The Destroyer: World's Greatest Masked-Man (Part II of II)

The Interview Series

"One time we came out and out front they were building the Shuto Expressway to go to Haneda [Airport] for the Olympic Games in '64. It was wintertime, December, so it was cold," The Destroyer says of a particular night in 1963 after a few beers and dinner at his favorite Italian restaurant in Tokyo. "And all these Japanese workers were sitting around a coal fire. They were hitting something with a sledgehammer. So Ilio Dipaolo, who was big and strong, grabs that sledgehammer and busts it down."

The construction lesson The Destroyer is speaking of took place during his first return to Japan after his initial confrontation with Rikidozan in May of the same year.
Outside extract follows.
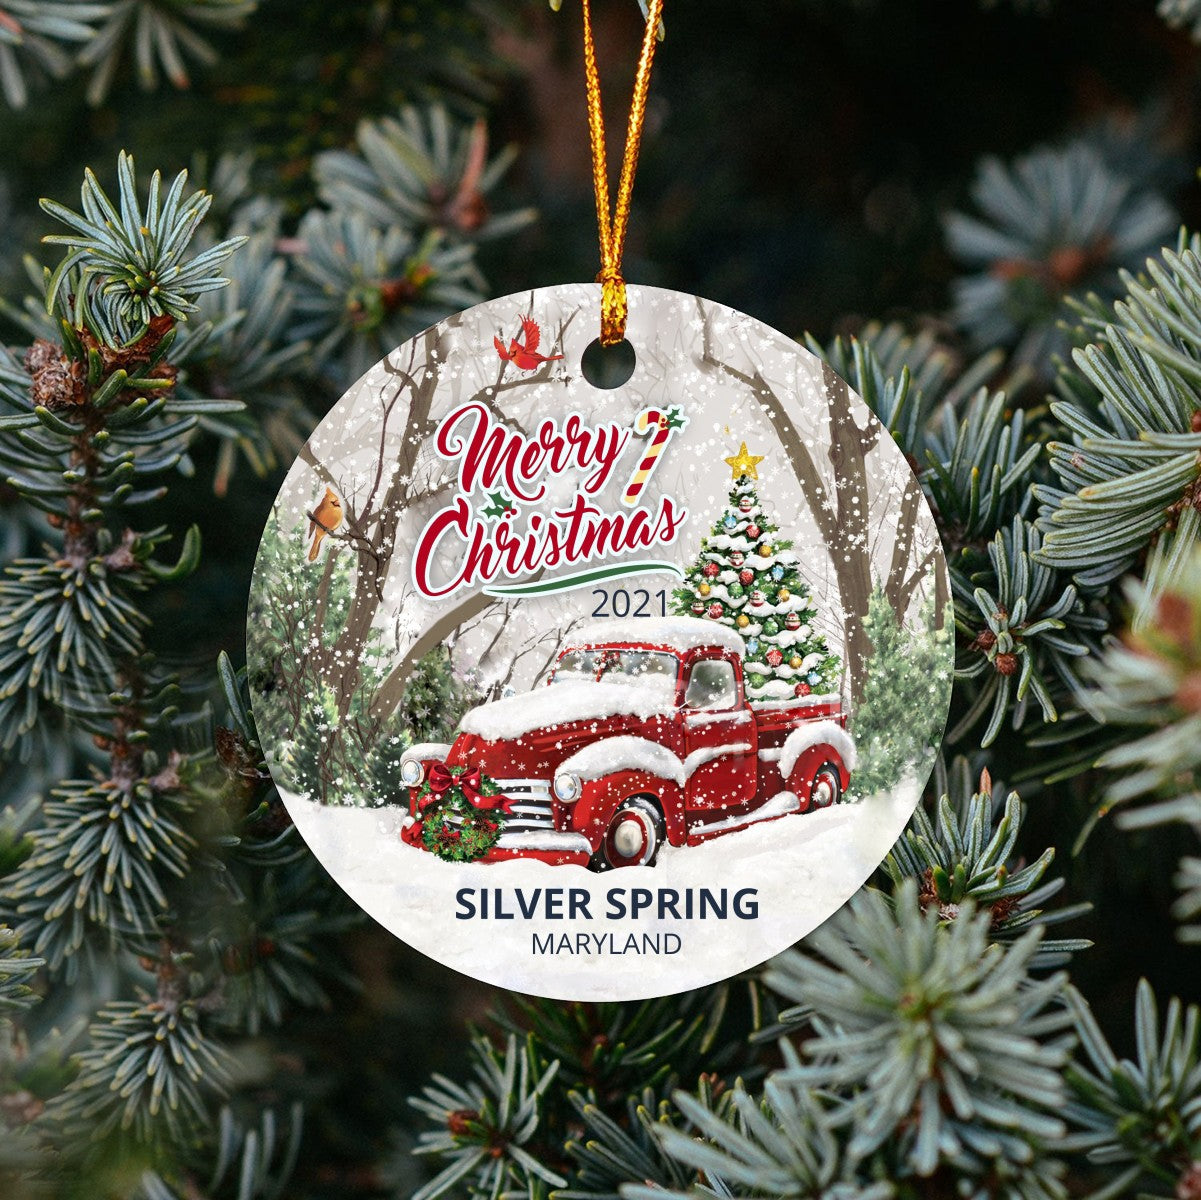 Christmas Tree Ornaments Silver Spring - Ornament Customize With Name City And State Silver Spring Maryland MD - Red Truck Xmas Ornaments 3'' Plastic Gift For Family, Friend And Housewarming

He and Ilio were in town for six-man team matches that took place in Tokyo, Osaka, and Hamamatsu. They were the participants in more of the continuing series of bouts pitting Japanese against foreigners. Buddy Austin rounded out the card for the gaijin side with Michiaki Yoshimura, The Great Togo, and, of course, Rikidozan representing the Japanese. Unknown to the Japanese fans though was that The Great Togo wasn't Japanese at all.

A number of wrestlers born in the US, including Mr. Moto and Kenji Shibuya, became wrestling stars in the US because of their Japanese roots. The Destroyer says of The Great Togo, "He was from LA but he lived in Texas. In the early '50s [in the US], he was a big star because he was [of] Japanese [ancestry]. Guys that were Germans and Japanese were the heels." Thus, the appeal of watching a native son battle a wrestler from a former WWII enemy country was not just appealing to the Japanese. Still, when The Great Togo came to Japan to wrestle, he checked his US passport at the door.
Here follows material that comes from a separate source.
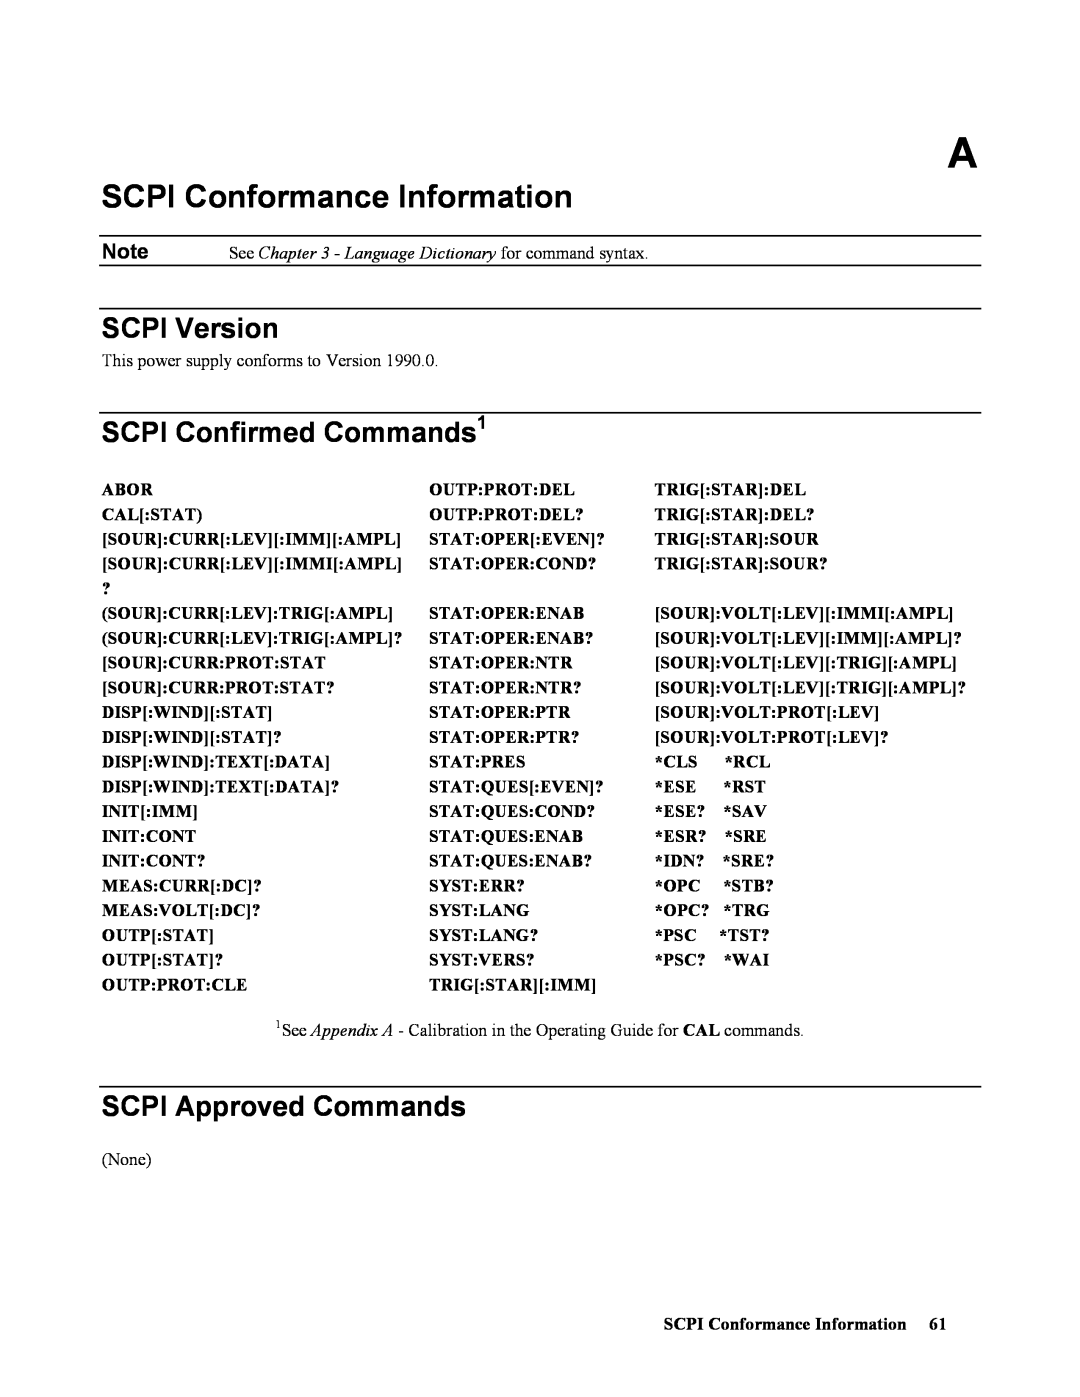 Agilent Technologies 664xA SCPI Conformance Information, SCPI Version, SCPI Confirmed Commands1, SCPI Approved Commands

"The Great Togo wasn't allowed to come into the room," The Destroyer remembers of a sayonara party thrown for the three foreign wrestlers by Rikidozan after the final match in Hamamatsu. "We [the foreign wrestlers] were inside with Rikidozan, drinking beer and eating sushi. On the edge of the room were the Japanese wrestlers, kneeling. Even Togo, just watching."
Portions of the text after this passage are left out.